A severe security lapse at Honda Motor Company has seen a vast database containing 134 million rows of systems data, much of it highly sensitive, exposed without any password protection online.
The data was on an unsecured Elasticsearch database that was freely accessible to anyone who came across it, and contained in-depth information about the company’s security systems and network.
This includes technical details of each individual computer, including IP addresses, operating systems, unique network identifiers and security solutions and patches.
As a result, the data would provide any malicious actors with an exhaustive map of the company’s systems, including all the soft spots that would provide easy access to the network. Any skilled – or even relatively unskilled – hacker could use this information to perform a successful and potentially devastating cyberattack on Honda, such as highly targeted attacks on high value employees.
“This is a hacker’s dream, a treasure trove of the most sought after information. Whoever has it, can own Honda’s network,” said Igor Baikalov, chief scientist at Securonix.
Exposed Honda database puts company at serious risk
It is not known if the database has been accessed by malicious actors, and any individual or group that has gained the information could easily bide their time before engaging in an attack, putting Honda in a very dangerous position.
“While it is unclear if this data has already been accessed by someone maliciously, it does highlight a concerning flaw in the security practices of Honda,” said Baikalov.

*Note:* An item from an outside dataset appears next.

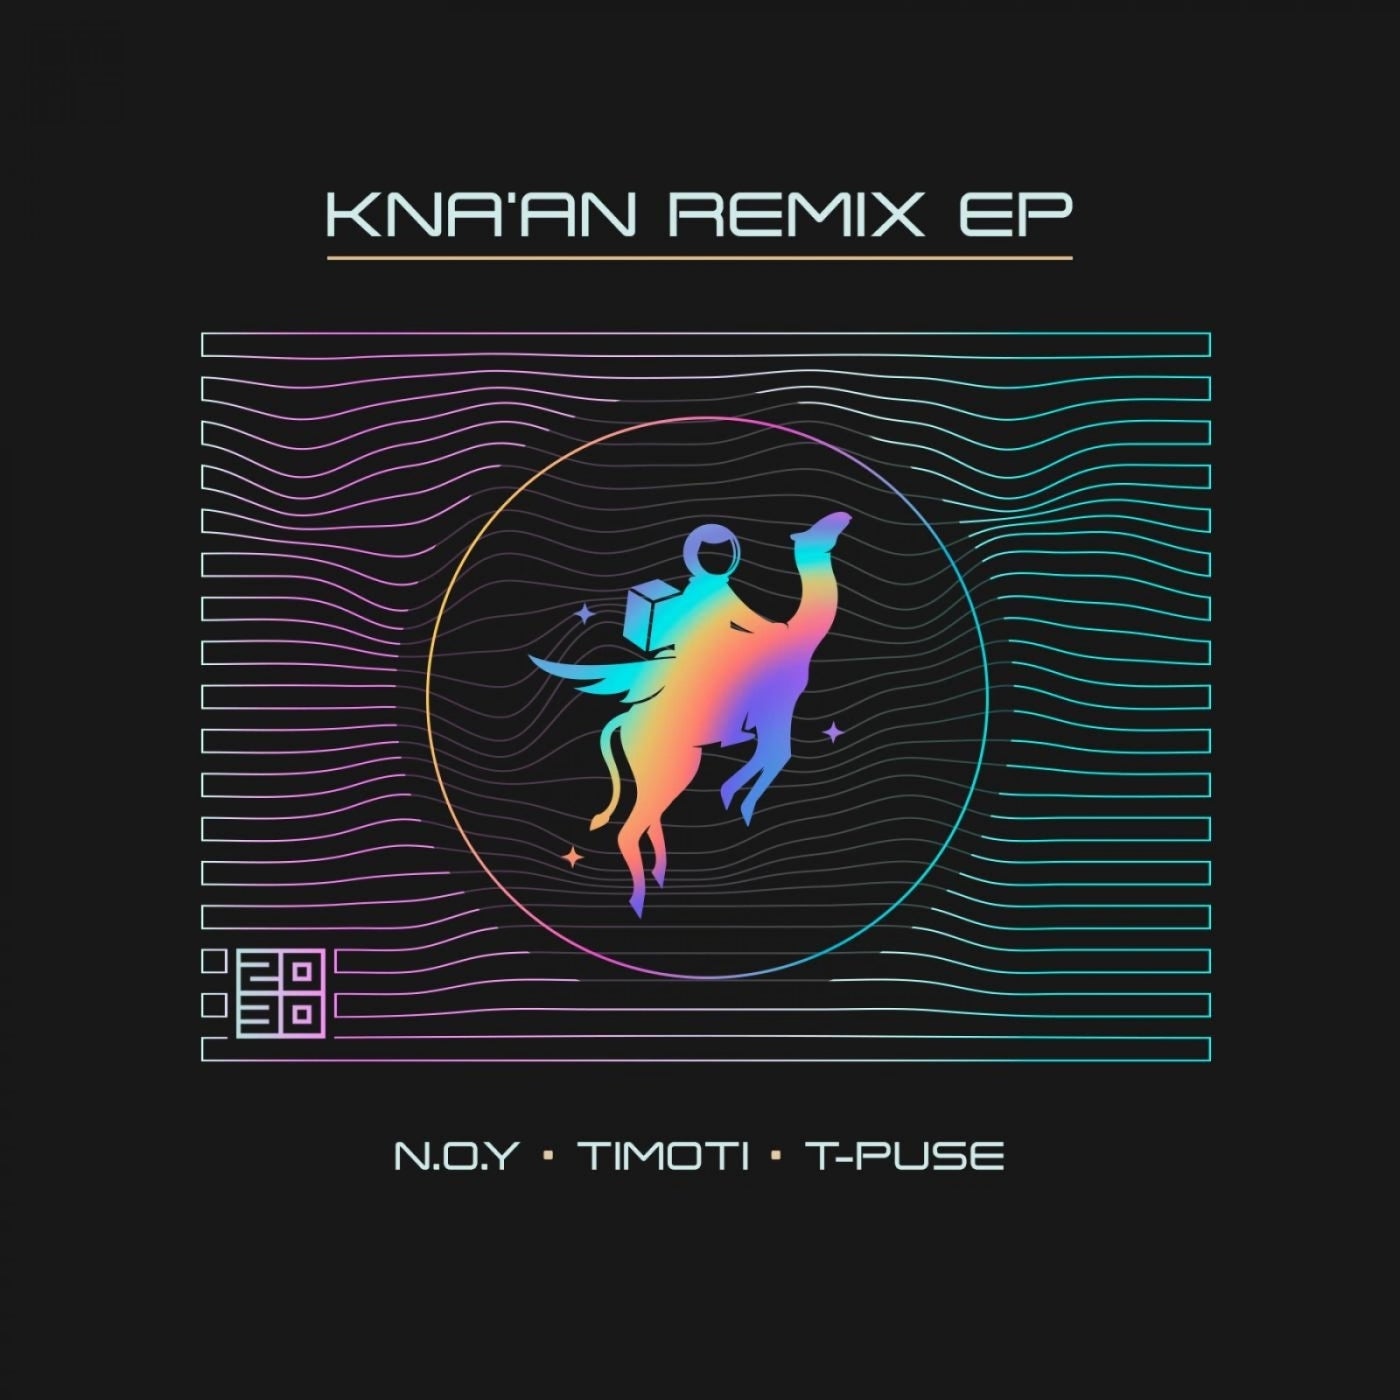 Kna'an Remix

“If an attacker has already gained access they could use the data to carry out further attacks and gain deeper access to Honda’s networks causing substantial damage.”

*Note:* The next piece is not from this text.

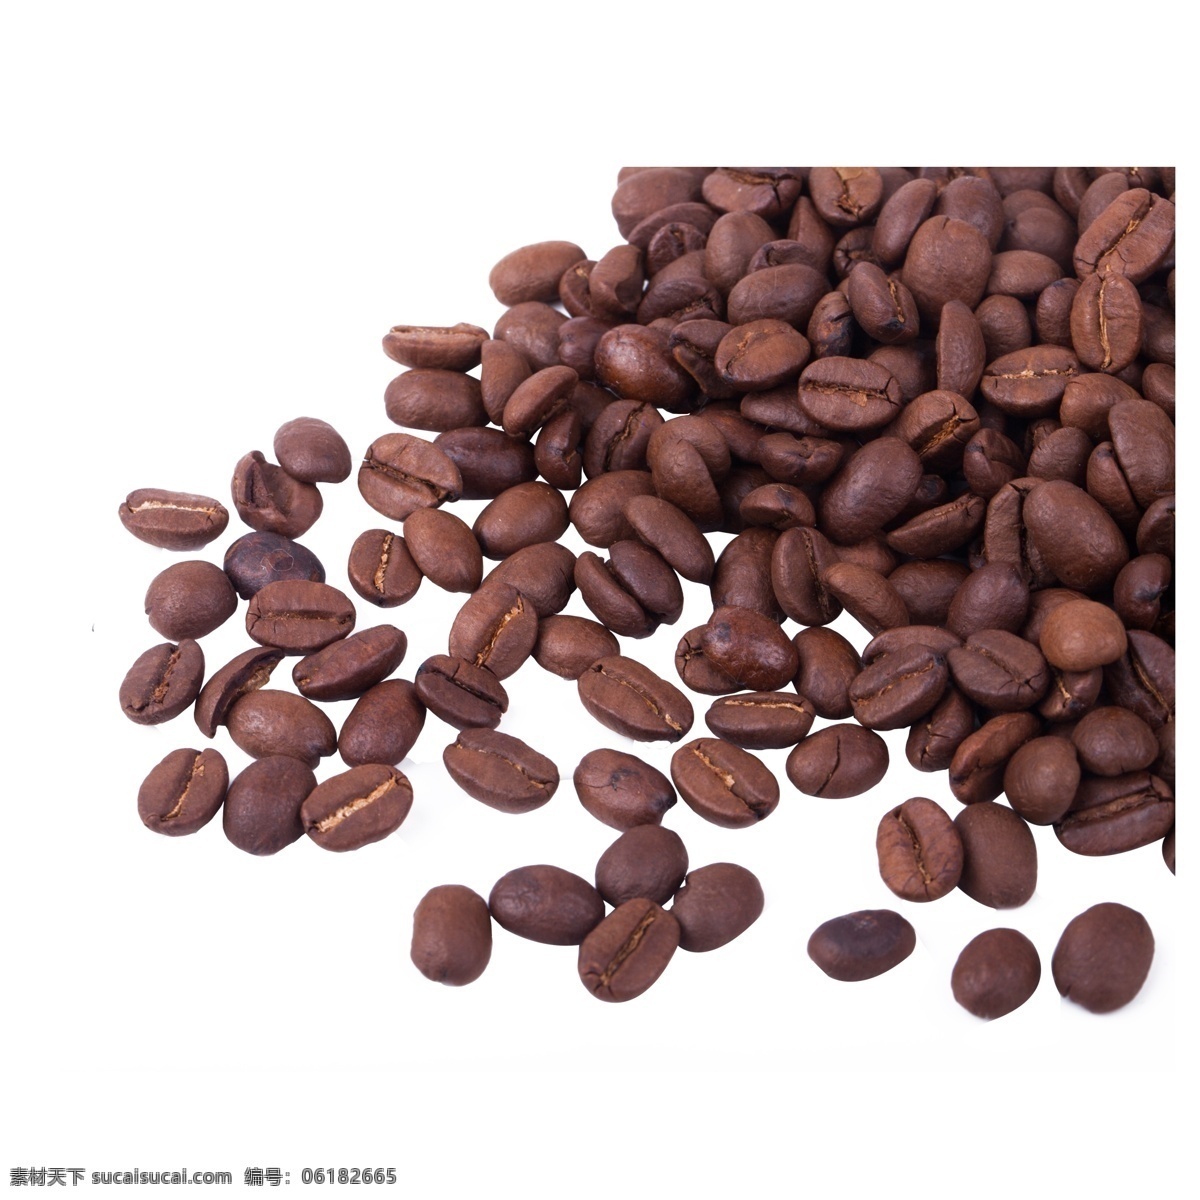 实拍 咖啡 原料 咖啡豆 黑色 种植 五谷 谷物 休闲咖啡豆 实拍咖啡豆 豆子

“What makes this attack particularly troubling is that the information it revealed can potentially give hackers inside knowledge of the company’s security weak points and the ability to launch targeted attacks that exploit those identified vulnerabilities,” added Saryu Nayyar, CEO of Gurucul.
“This is a situation where behaviour analytics technology would be crucial for detecting and stopping abnormal and suspicious activities on the network before data can be stolen.”
Yet another database exposure
The Honda database exposure is yet another incident involving an unsecure database that is inadvertently left exposed online.
However, in most cases the incident involves a data breach, where customer data is involved. Examples include a breach involving 1.5 million Gearbest customers in March, the exposure of four million students’ personal data by AIESEC in January and the breach of five million Freedom Mobile customers’ data in May.